After being called “a prick,” for remarking that bicyclists should “just get out of the way of those of us who have things to do,” the commenter going by the name ‘Anthony’ further asserted the following:
“You are out joyriding and wasting more of the world's resources by riding your bike(Yep you use up 3X the energy per mile than the average car.” (He also asked rhetorically whether he really is “a prick.” As a matter of self-imposed editorial discipline, however, the Bike Blog does not answer rhetorical questions).
But we will address his claim that a bicycle uses three times the energy of an average car. One common way to measure energy is in calories, one calorie being the amount of energy required to raise the temperature of one gram of water by one degree Celsius.
According to the World Watch Institute, an environmental research facility based in DC, a bicycle uses about 35 calories of energy per passenger mile. One passenger, one mile, 35 calories.
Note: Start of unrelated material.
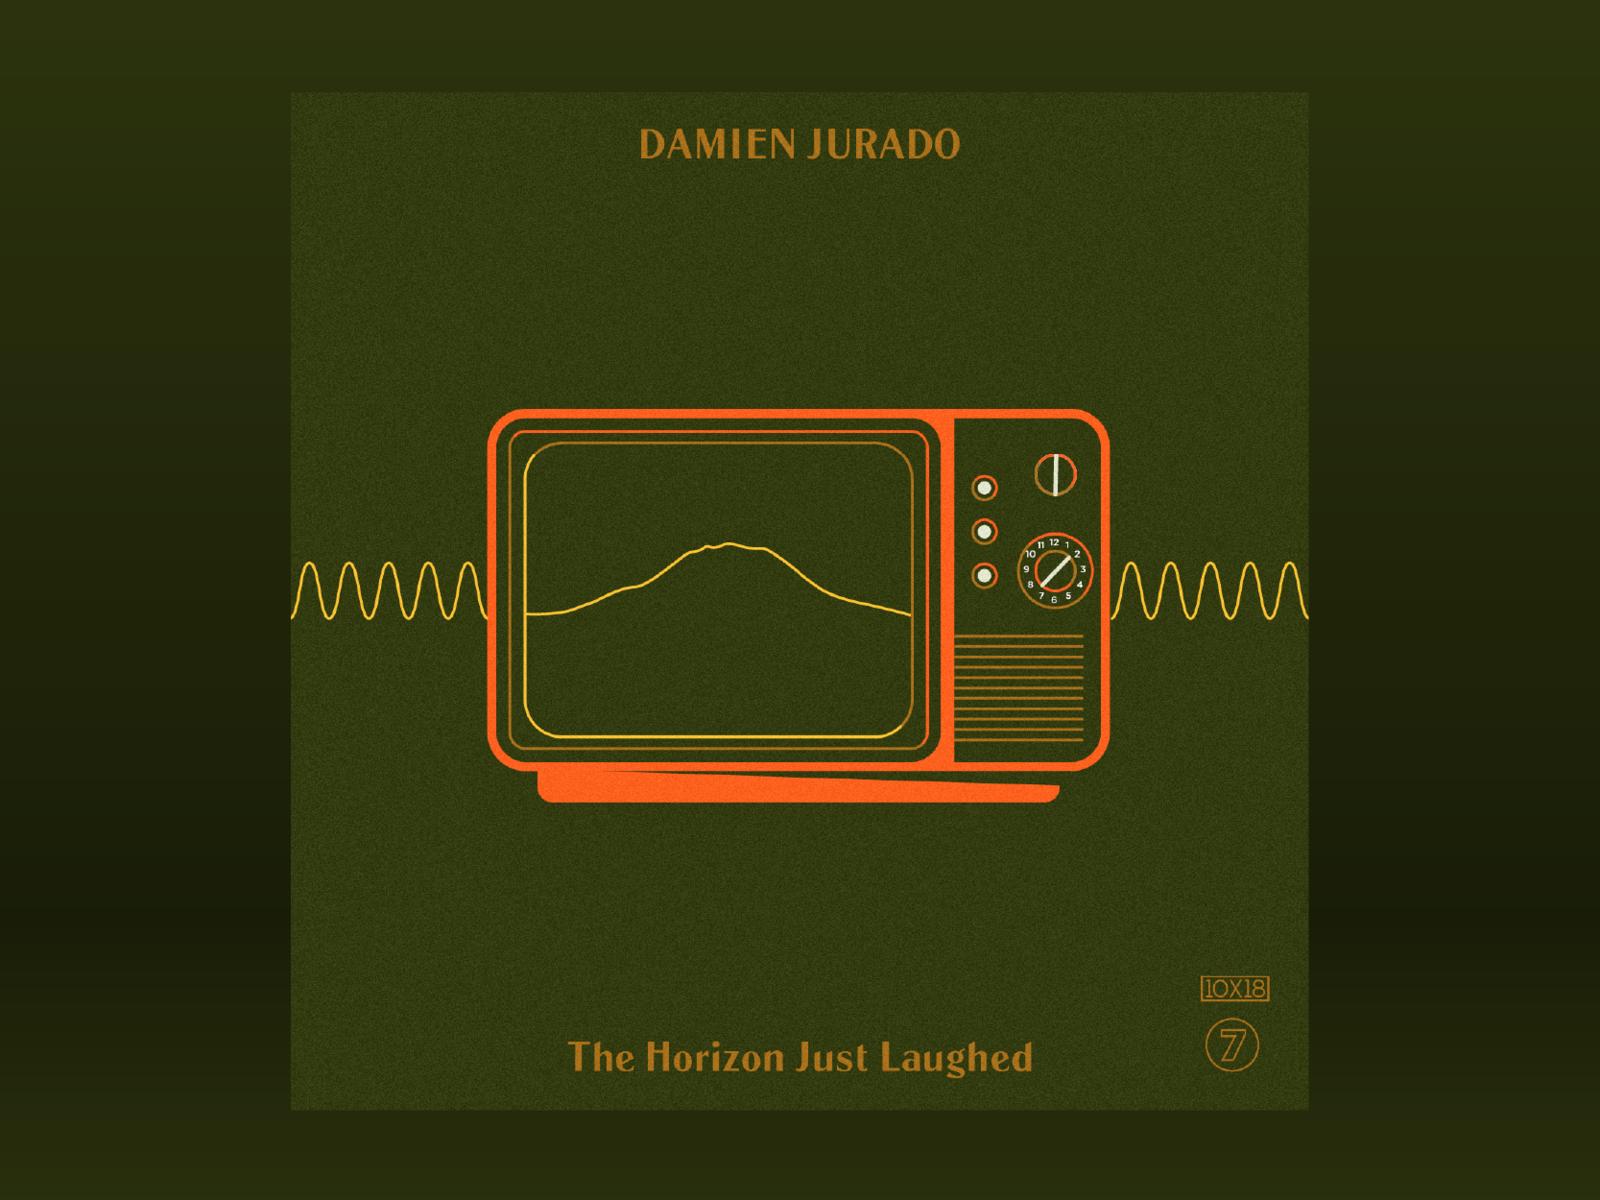 10x18: #7 Damien Jurado - The Horizon Just Laughed album vintage retro tv sound waves mt rainier 10x18

A car uses 1,860 calories per passenger mile – which would make it not three times more efficient than a bike as Anthony claimed, but, in fact, about fifty three times less efficient. Indeed, it’s worth noting bicycles are the most energy-efficient transportation machine created by humans beings, ever (even our own feet get us around at only 100 calories of energy per passenger mile).
You can find the study, and references, here.
The Bike Blog would like to emphasize that Anthony’s factual error in no way implies that he is a prick.